I used to develop regulatory infobases (information databases) using Folio Views back in the day. Basically, these were huge databases of information designed to be keyword searched, returning links to the relevant sections in the documents.
I’m looking to experiment with something like that using OpenAI. The differences I understand are that a) an AI system like OpenAI is not doing keyword seaches and b) It not so much retrieving excepts as interpreting context. Or, something like that.
What I would like to do is make sure that, when searching regulatory information, a source reference (text or actual document link) is returned with each answer so that a user can locate the source of the response.
Take a look at this document: https://www.dre.ca.gov/files/pdf/relaw/2023/adminlaw.pdf
Note that it is broken down into Articles, and each Article broken down into sections.
Let’s say I break it down into individual sections and upload those sections to an OpenAI model.
How could I format the data so that a user could know the section from which a response was retrieved.

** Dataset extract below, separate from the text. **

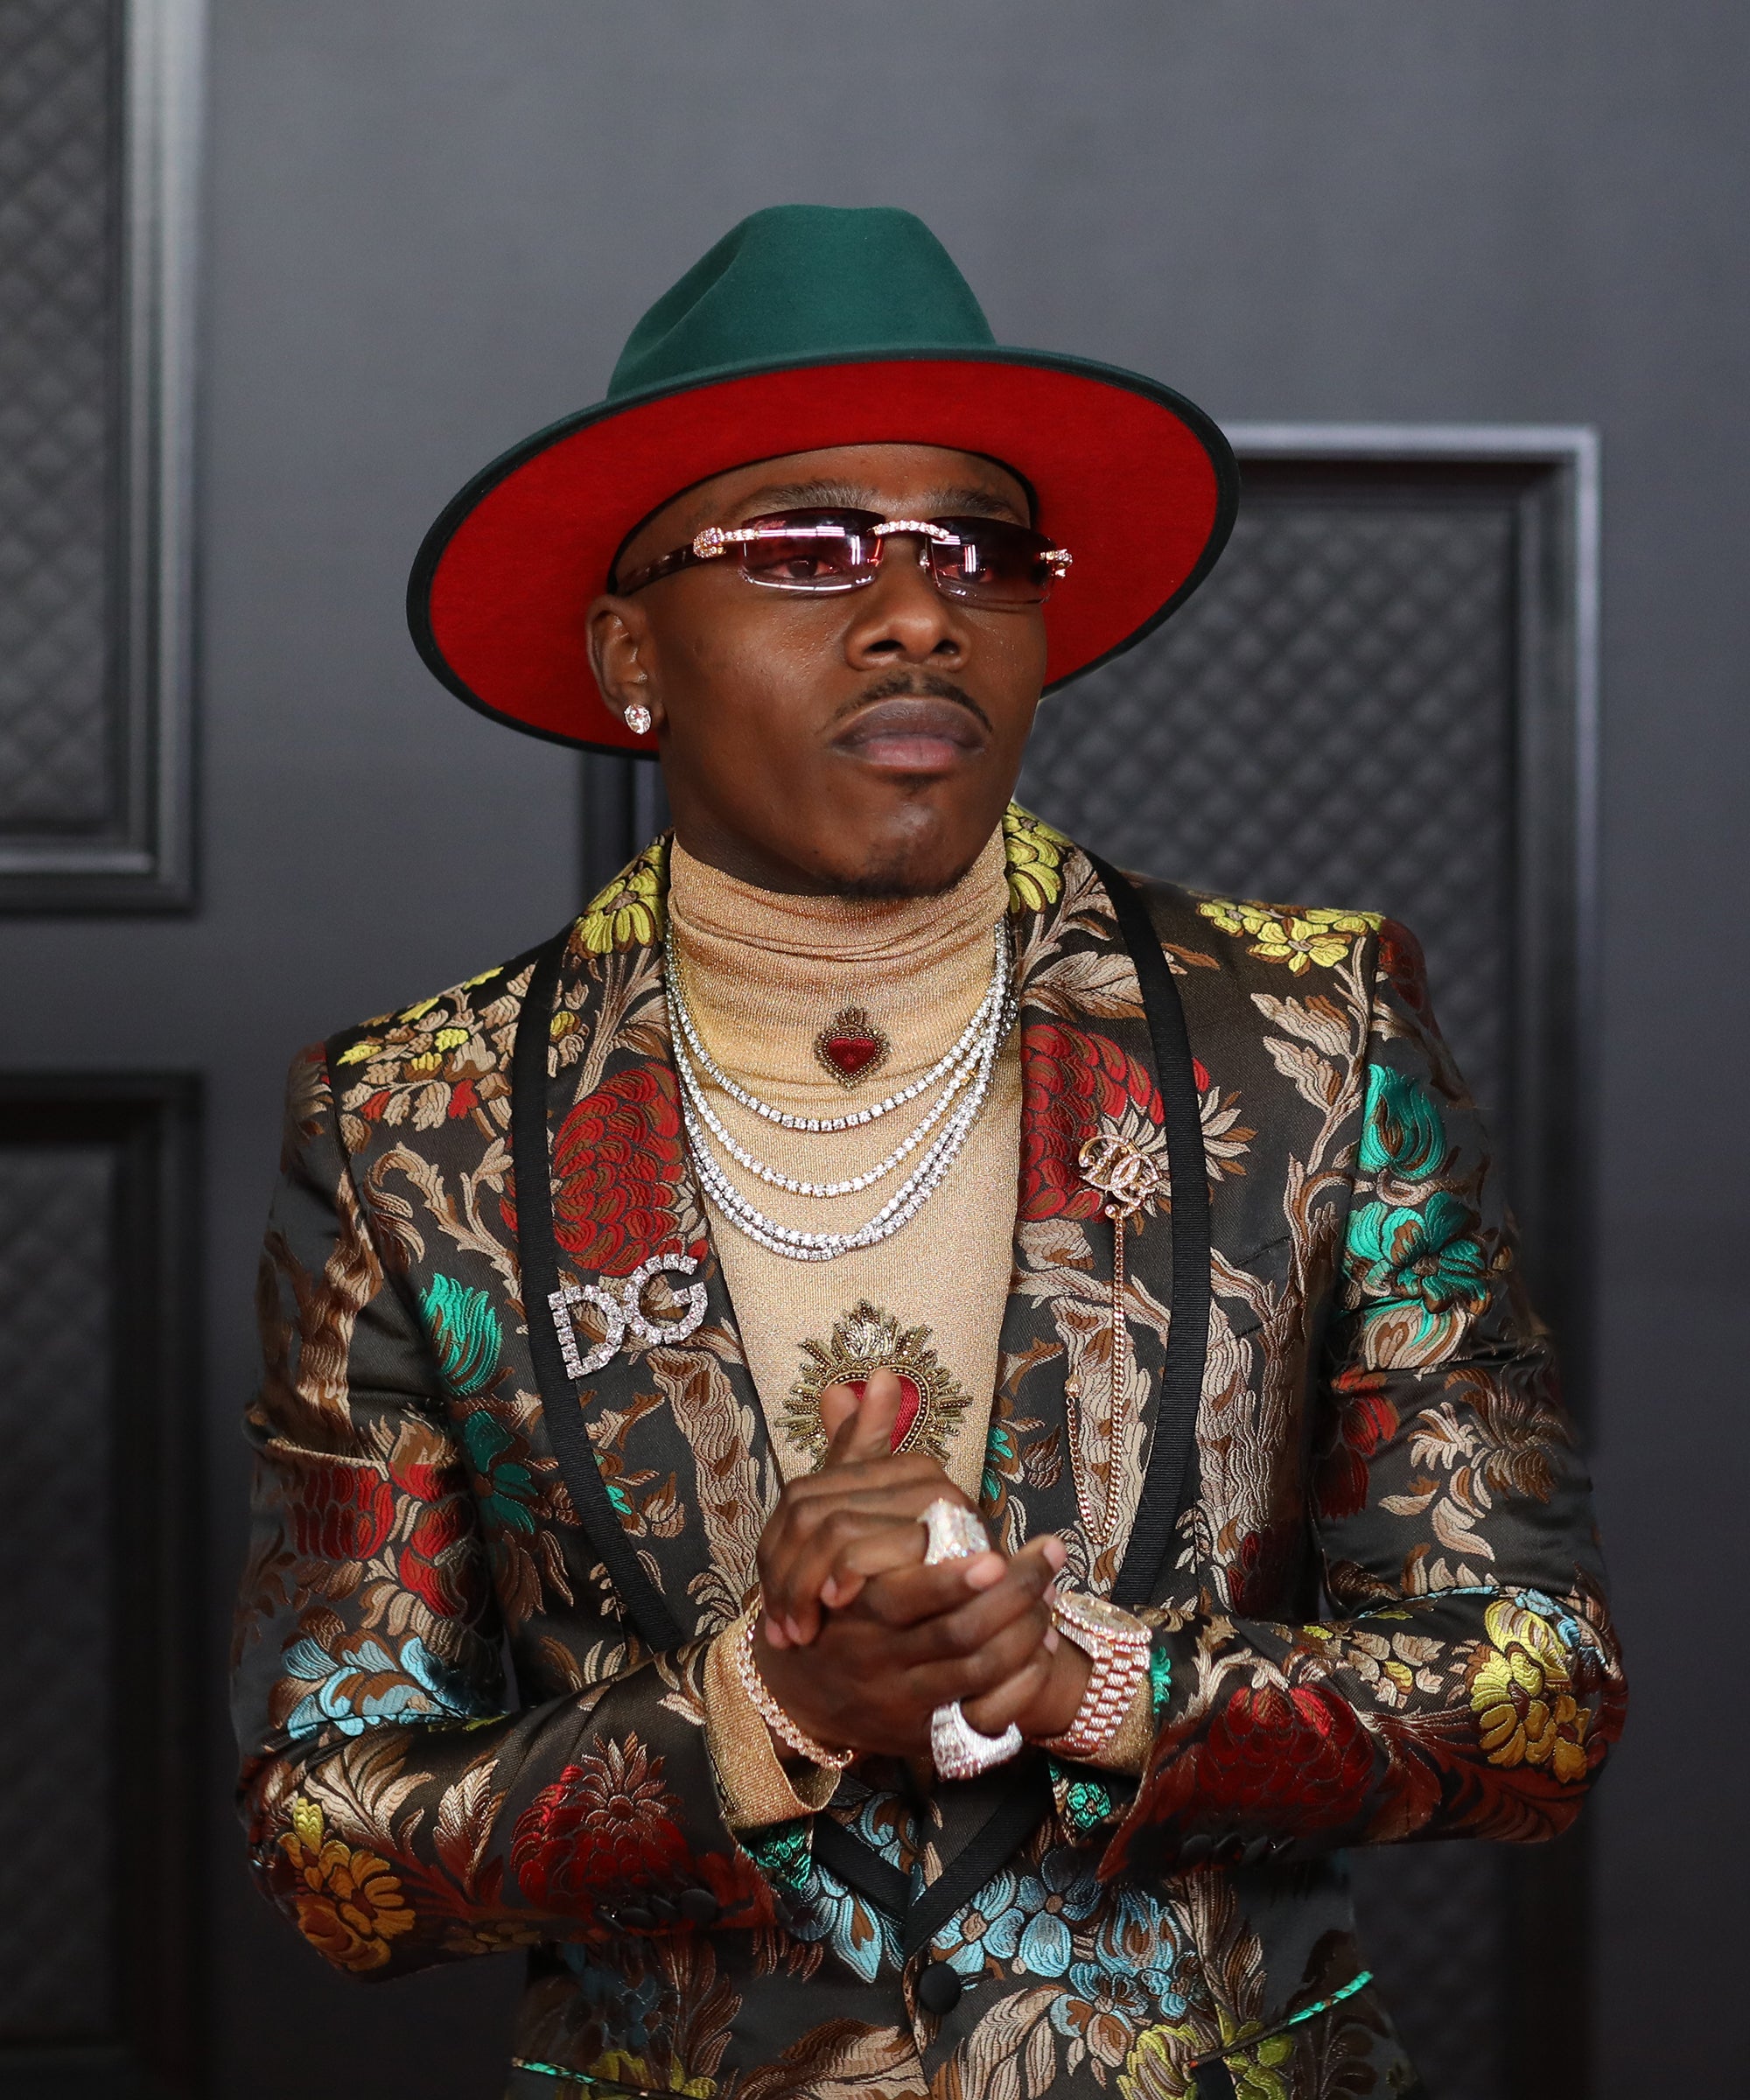 DaBaby defends homophobic comments amid backlash

For example, if the user asks a question whose answer is found in Article I Section 11370.3., how do I make sure that reference information is returned in the response?
Is this even doable?
Now, I understand that I’m thinking in terms of an old keyword search and retrieval model as opposed to a modern Artificial Intelligence semantical context model, but I’m also looking at this from the standpoint of an end-user. If I am searching regulatory statutes, not only am I interested in the answer to a specific question, but also where in the statutes that answer can be found.
Interested in any comments and/or suggestions.